Sartre |
JEAN-PAUL SARTRE, (1905
- 1980), filósofo francês, escritor e crítico, conhecido representante do
existencialismo.
O livro L'être et le
néant: Essai d'ontologie phénoménologique (em português O ser e o nada: Ensaio
de ontologia fenomenológica) é um tratado filosófico de 1943 escrito por
Jean-Paul Sartre que é tido como marco para o início do crescimento do
existencialismo no século XX.
Seu foco principal é
definir a consciência como transcendente. Muito influenciado pelo Ser e tempo
de Martin Heidegger ainda que Sartre fosse extremamente cético a qualquer
medida através da qual a humanidade pudesse atingir um estado de completude
comparável ao hipotético re-encontro heideggeriano com o Ser.
Leia um trecho:
"O Passado
Toda teoria sobre a
memória encerra uma pressuposição sobre o ser do passado. Tais pressuposições,
nunca elucidadas, obscureceram o problema da memória e da temporalidade em
geral. É preciso, então, de uma vez por todas, colocar a pergunta: qual é o ser
de um ser passado? O senso comum oscila entre duas concepções igualmente vagas:
o passado, diz-se, não é mais. Desse ponto de vista, parece que se quer
atribuir o ser somente ao presente. Esta pressuposição ontológica engendrou a
famosa teoria das impressões cerebrais: já que o passado não é mais, pois
desvaneceu-se no nada, se a recordação contínua existindo, é preciso que seja a
título de modificação presente de nosso ser; por exemplo, uma impressão marcada
agora em grupo de células cerebrais. Assim, tudo é presente: o corpo, a
percepção presente e o passado como impressão presente no corpo; tudo está em
ato porque a impressão não tem existência virtual enquanto recordação; é
integralmente impressão atual. Se a recordação ressurge, é no presente, em
conseqüência de um processo presente, ou seja, como ruptura de um equilíbrio
protoplasmático no grupo celular considerado. Eis o paralelo psicofisiológico,
que é instantâneo e extratemporal, para explicar como esse processo fisiológico
é correlato a um fenômeno estritamente físico mas igualmente presente: a
aparição da imagem-recordação na consciência. A noção mais recente de engrama
não faz mais que adornar esta teoria com uma terminologia pseudocientífico.
Mas, se tudo é presente, como explicar a passividade da recordação, ou seja, o
fato de que sua intenção, uma consciência que se rememora transcende o presente
para visar um acontecimento lá onde ele foi? Assinalamos em outra obra que não
há meio algum de distinguir a imagem da percepção se começamos fazendo da
imagem uma percepção renascente. Encontramos aqui as mesmas impossibilidades.
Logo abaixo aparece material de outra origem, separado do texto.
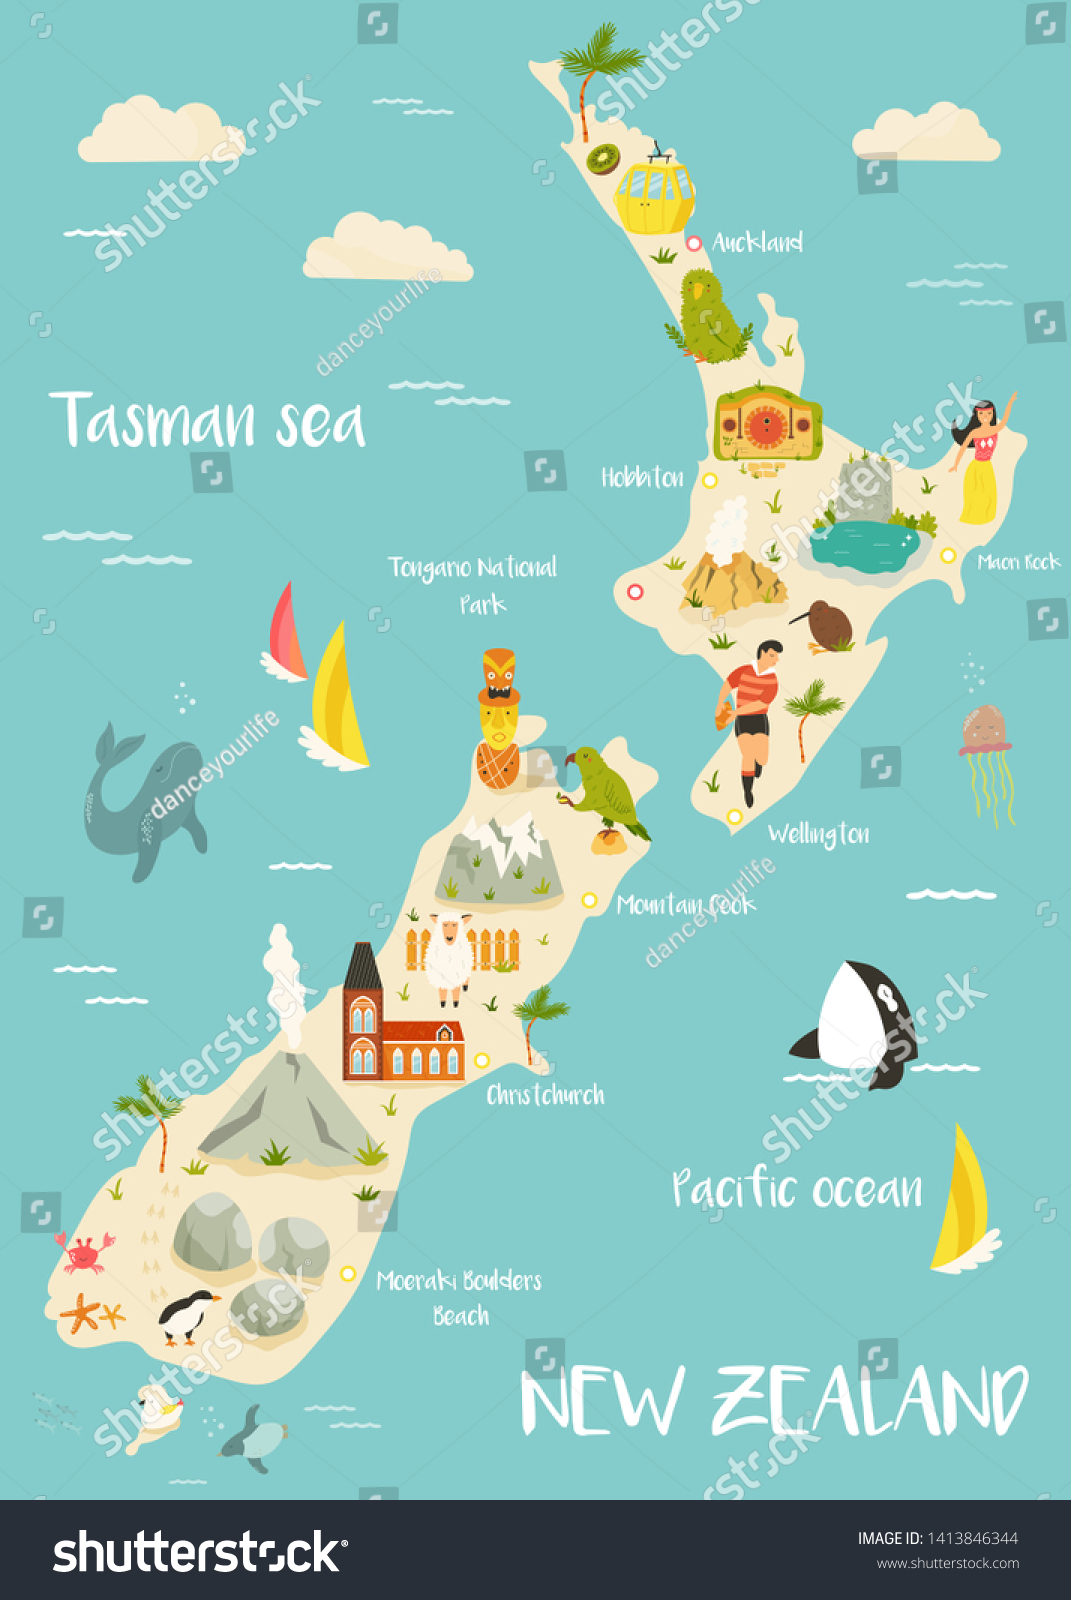 ニュージーランドのイラスト地図 で 有名な目印 動物 シンボルが描かれています プリント 観光ポスター 旅行ガイド お祭りなど のベクター画像素材 ロイヤリティフリー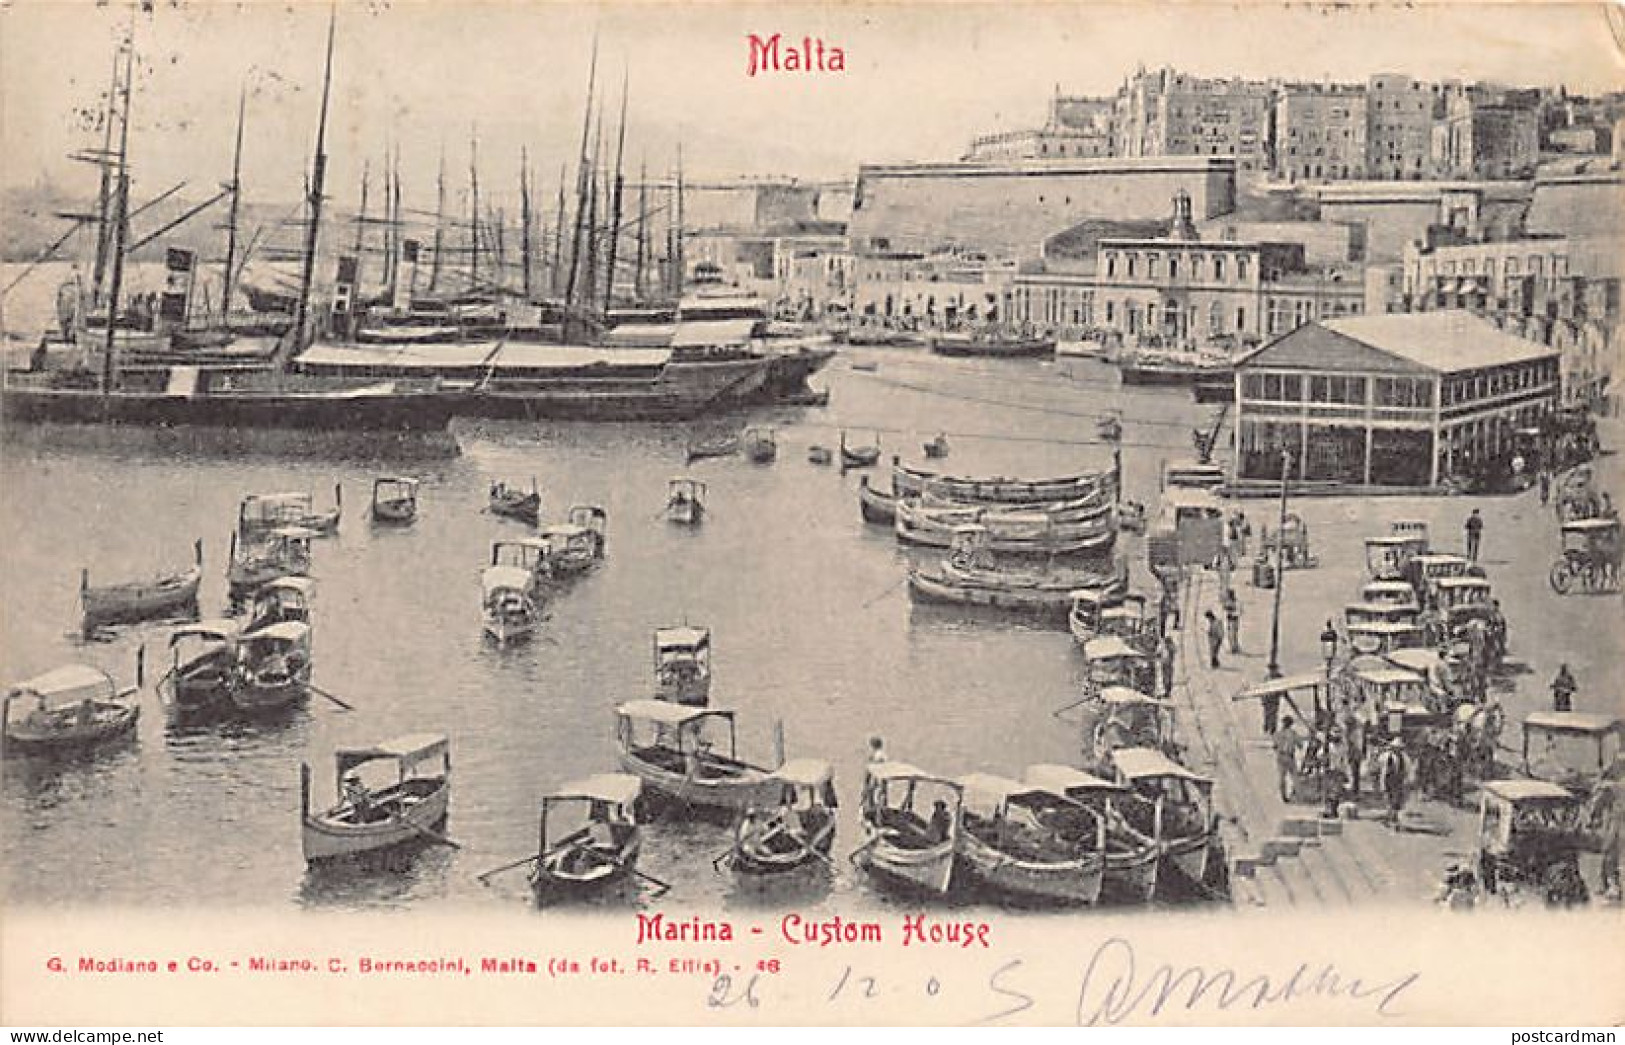 Malta - VALLETTA - Marina - Custom House - Publ. G. Modiano E Co. - C. Bornaccini 46 - Malta

Mas, além disso, nos privamos do meio de distinguir imagem e recordação: nem a
‘fragilidade’ da recordação, nem sua palidez, nem seu caráter incompleto nem as
contradições que ostenta frente aos dados da percepção podem distingui-la da
imagem-ficção, pois esta apresenta os mesmos caracteres; e, por outro lado,
esses caracteres, sendo qualidades presentes da recordação, não poderiam
fazer-nos sair do presente para ir ao passado. Em vão se invocará a qualidade
de pertencer-a-mim da recordação.
A consciência popular, por outro lado, tem tal dificuldade de negar existência real ao passado que admite, juntamente com esta primeira tese, outra concepção, também imprecisa, segundo a qual o passado teria uma espécie de existência honorária. Ser passado, para um acontecimento, seria simplesmente estar recolhido, perder a eficiência ser perder o ser. A filosofia bergsoniana retomou tal idéia: entrando no passado, um acontecimento não deixa de ser, apenas deixa de agir, permanece ‘em seu lugar’, em sua data, para toda a eternidade. Assim, restituímos o ser ao passado, e está certo; até afirmamos que a duração é multiplicidade de interpenetração e que o passado se organiza continuamente com o presente. Mas com isso não encontramos qualquer razão para esta organização ou esta interpenetração; não explicamos como o passado pode ‘renascer’ e infestar-nos, em suma, como podemos existir para nós".